Co-Authored-By: Claude Fable 5 <noreply@anthropic.com>
2026-07-02 09:47:15 +03:00
david kiania
5f5d71d500 feat(crq): add CRQ ingestion via shared engine + thin inc/crq entrypoints
Split the INC-only loader into a dataset-agnostic engine (pipeline.py, renamed
from import_tickets.py) parameterized by a Dataset config, with thin per-type
entrypoints inc/import_inc.py and crq/import_crq.py. CRQ shares INC's identical
32-column source schema and CDC change stream, so the engine is fully shared.

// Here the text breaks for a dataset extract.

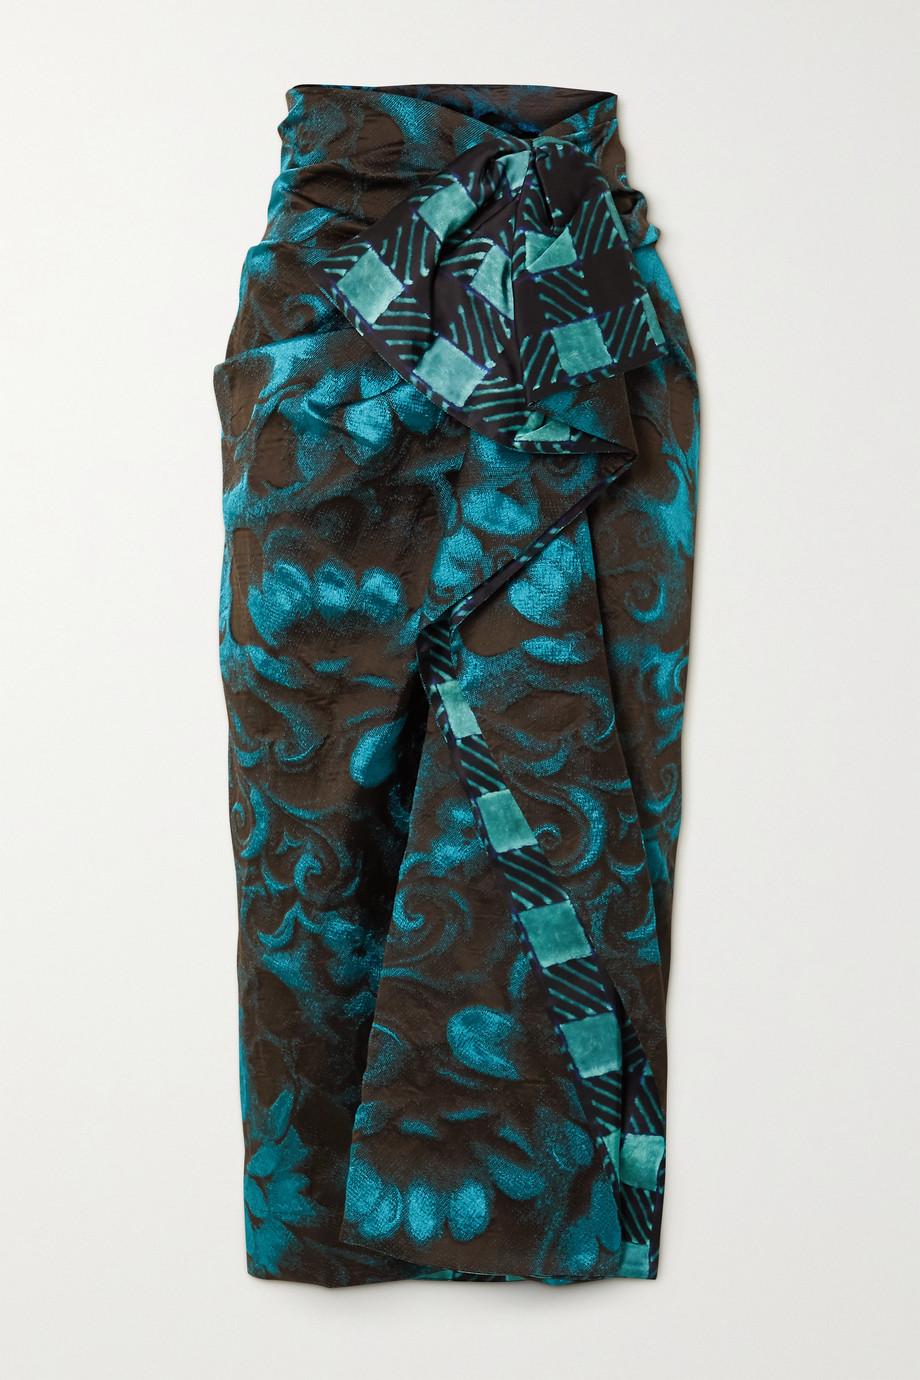 Dries Van Noten Ruffled satin-trimmed floral-jacquard midi skirt

- pipeline.py: Dataset config (name/table/prefixes/key_regex/post_apply); INC
  keeps the capture_history post-apply hook, CRQ has none yet. geocode_locations
  now unions tickets.crq (geocoding is cross-dataset: one gazetteer/budget).
- crq/import_crq.py: drains automations/crq/changes/ from isptickets into
  tickets.crq (data layer + map; SLA/dashboard/history deferred).
- migrations/13_crq_columns.sql: CRQ mirror of 03 — typed STORED generated
  columns + indexes on tickets.crq (reuses tickets.eat_ts()).
- Deployment: Dockerfile/run_ingest.sh run both via `python -m`; pyproject
  packages inc/crq. Docs (README, implementation, deployment-and-operations,
  n8n export ref, phase-1) updated for the split + the one-time CRQ seed runbook.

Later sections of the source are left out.